Why have American politics deteriorated intellectually over the last 50 years, how has mass media encouraged the election of ignorant leaders, and how can we change course? Comedian and New Yorker magazine satirist Andy Borowitz will discuss those issues and his best seller, “Profiles in Ignorance: How America’s Politicians Got Dumb and Dumber” in conversation with Anne-Marie Slaughter at 8 p.m. Friday night at McCarter Theatre.  Some tickets are still available for the show. If you buy your tickets online before the show and use the promo code IGNORANCE23, tickets are $35. Borowitz will take questions from the audience and sign copies of his book at Labyrinth Books after the show.

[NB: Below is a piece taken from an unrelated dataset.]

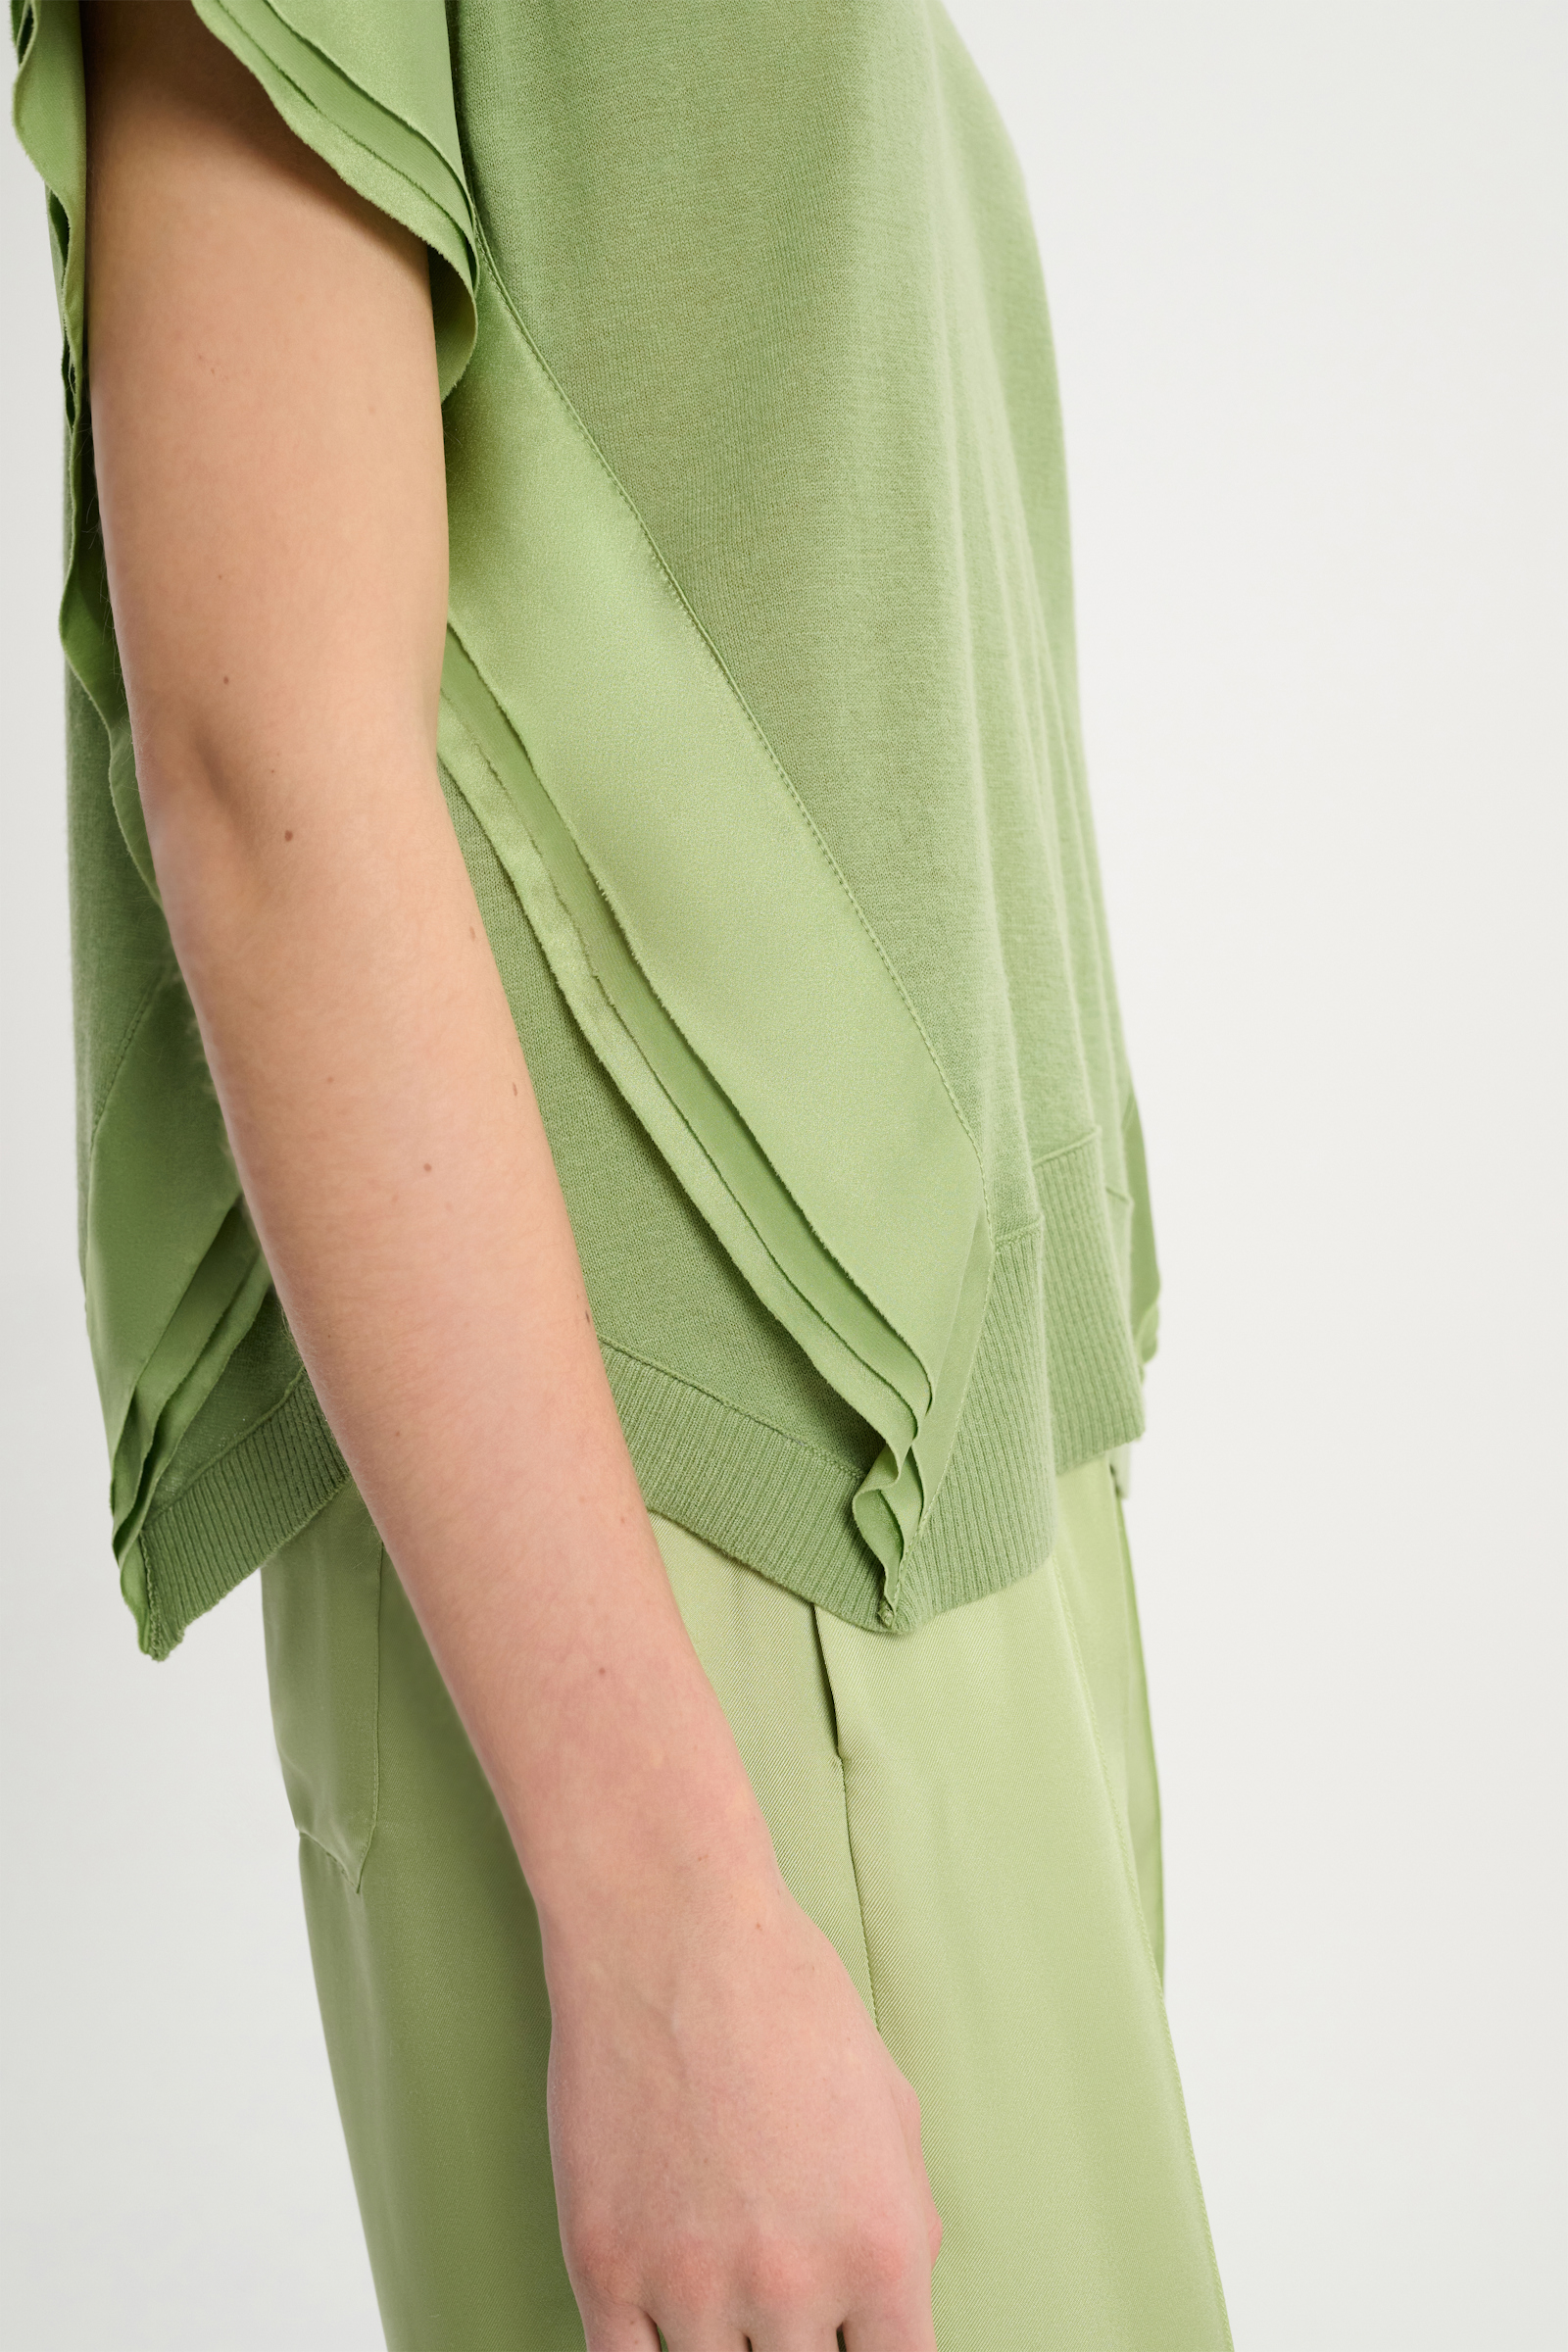 Dorothee Schumacher Wool-cashmere knit top with layered satin trim soft green

Borowitz grew up in Cleveland, Ohio, and graduated from Harvard College, where he was President of the Harvard Lampoon. In 1998, he began contributing humor to The New Yorker’s “Shouts & Murmurs” and “Talk of the Town” departments, and in 2001, he created “The Borowitz Report,” a satirical news column, which has millions of readers around the world. In 2012, The New Yorker began publishing “The Borowitz Report.” As a storyteller, Borowitz hosted “Stories at the Moth” from 1999 to 2009. As a comedian, he has sold-out at venues around the world, including during his national tour, “Make America Not Embarrassing Again,” from 2018 to 2020. His most recent book, “Profiles In Ignorance: How America’s Politicians Got Dumb and Dumber,” was an instant New York Times, Wall Street Journal, Washington Post, and Indiebound bestseller, and was named one of the 7 Best Nonfiction Books of fall 2022 by Kirkus Reviews. He is the first-ever winner of the National Press Club’s humor award. He lives with his family in New Hampshire.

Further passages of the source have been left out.